The biotech industry is likely to exacerbate competition and conflict between the industrialized countries, while simultaneously promoting the 'transnationalization of capital'. The US is ahead of the game for the moment, but other nations have recognized the value of biotech as an industry which will give a new lease on life to market economies. The US advantage rests partly on the willingness of venture capitalists to take long financial shots on fledgling companies. Major banks are also setting up specific units to invest in high-tech R&D; Morgan Stanley hired two Genentech executives to manage its unit.39
Britain, France, Germany and Japan rely more on State funding than on private capital, though the latter is not absent. In Britain, for example, the Government Chemist, Dr Ronald Coleman, has established an 'Action Group' made
up of industrial researchers to monitor what Britain is and isn't doing in biotech. The group identifies priority research areas, promotes links between industry and academia and publishes a directory of biotech firms and venture capital firms willing to invest in them.40
Japan is, not surprisingly, closing the gap that temporarily separates it from the top. Between 1977 and 1981, 60 per cent of all bio-industry (not just rDNA) patents were awarded to Japanese companies. Most of the 200-0dd Japanese companies now active in biotech are established firms moving out of more traditional areas like food processing or chemicals. Private investment in biotech rose 45 per cent between 1980 and 1982, according to the Ministry of Trade and Industry. MITI also started its own biotech research programme in 1981 and will divide $128 million between 113 companies over a ten-year period.41
Biotech corporations are already outdistancing attempts by governments to keep them 'national'. Genentech and Mitsubishi have agreed, for example, to develop jointly (and eventually to market) human serum albumin which could become immensely rewarding, since the world consumes 100 million tons of it per year. State intervention cannot really stop the transnationalization process, particularly since no international legal machinery exists on which to base it.

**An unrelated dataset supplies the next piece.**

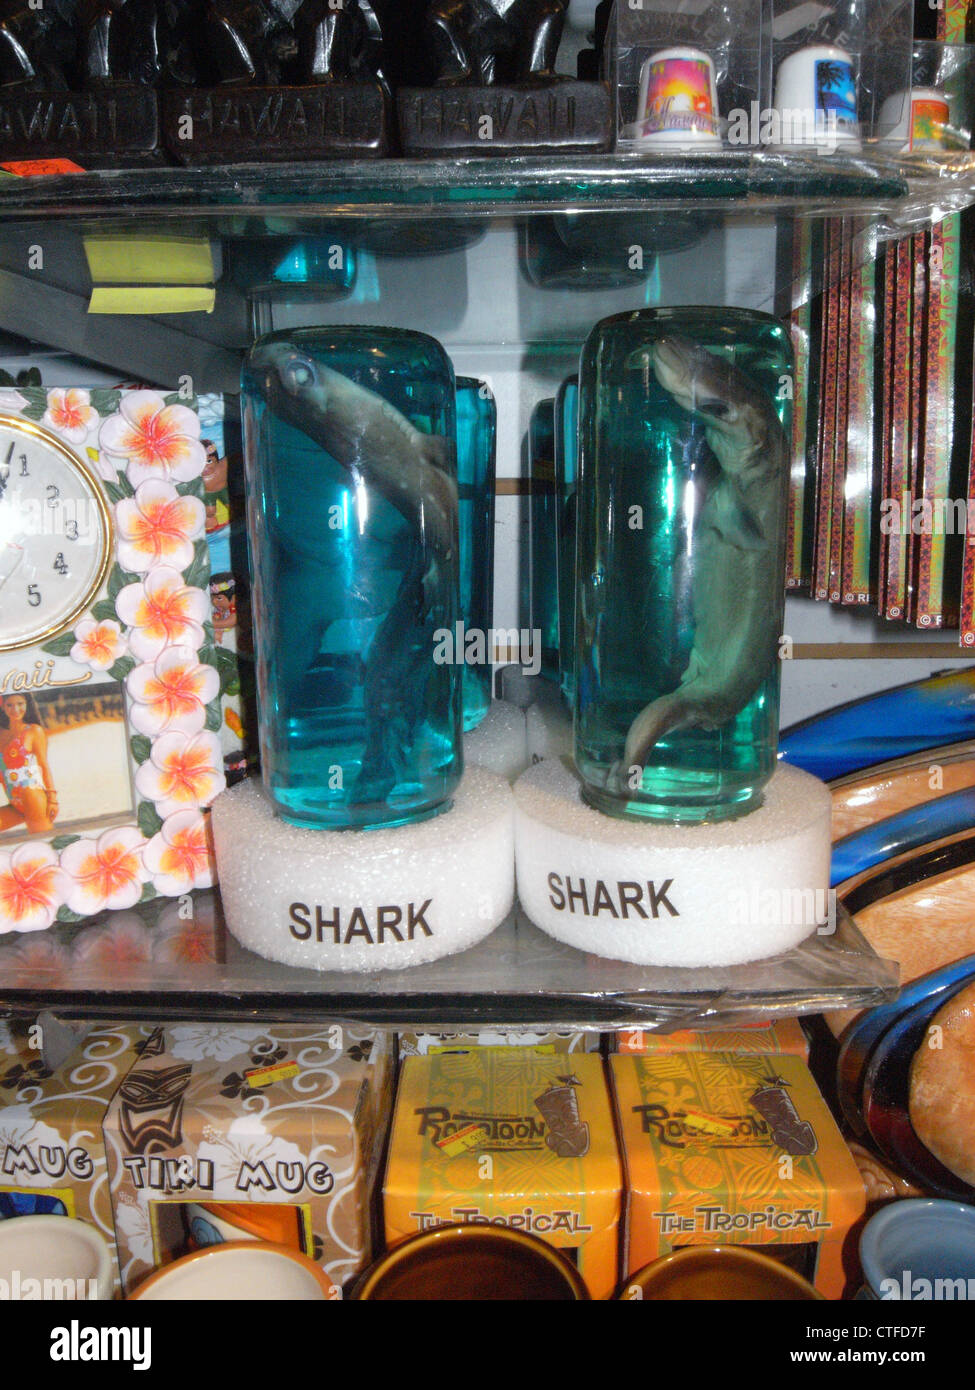 Baby squali conservate in alcole disponibile per la vendita in un negozio di souvenir, Waikiki, Honolulu, Stati Uniti d'America Foto Stock

States may, however, refuse to take corporate activity lying down. As an Under-Secretary of State in the Carter administration put it, 'We have entered an era in which the interactions between science and technology and foreign affairs are increasingly recognized as continuous and central to many of the important foreign policy problems with which we are dealing.' The OECD has likewise acknowledged the vital role of control over science in the continuing predominance of the developed countries: 'Intellectual capital - scientific resources and the aptitude for technological innovation - constitutes the major asset of industrialized nations in the new modes of international competition and interdependence.'42 Corporations are still likely to win the day, with the result that governments will be even more dependent upon, and subservient to, their interests than they are today.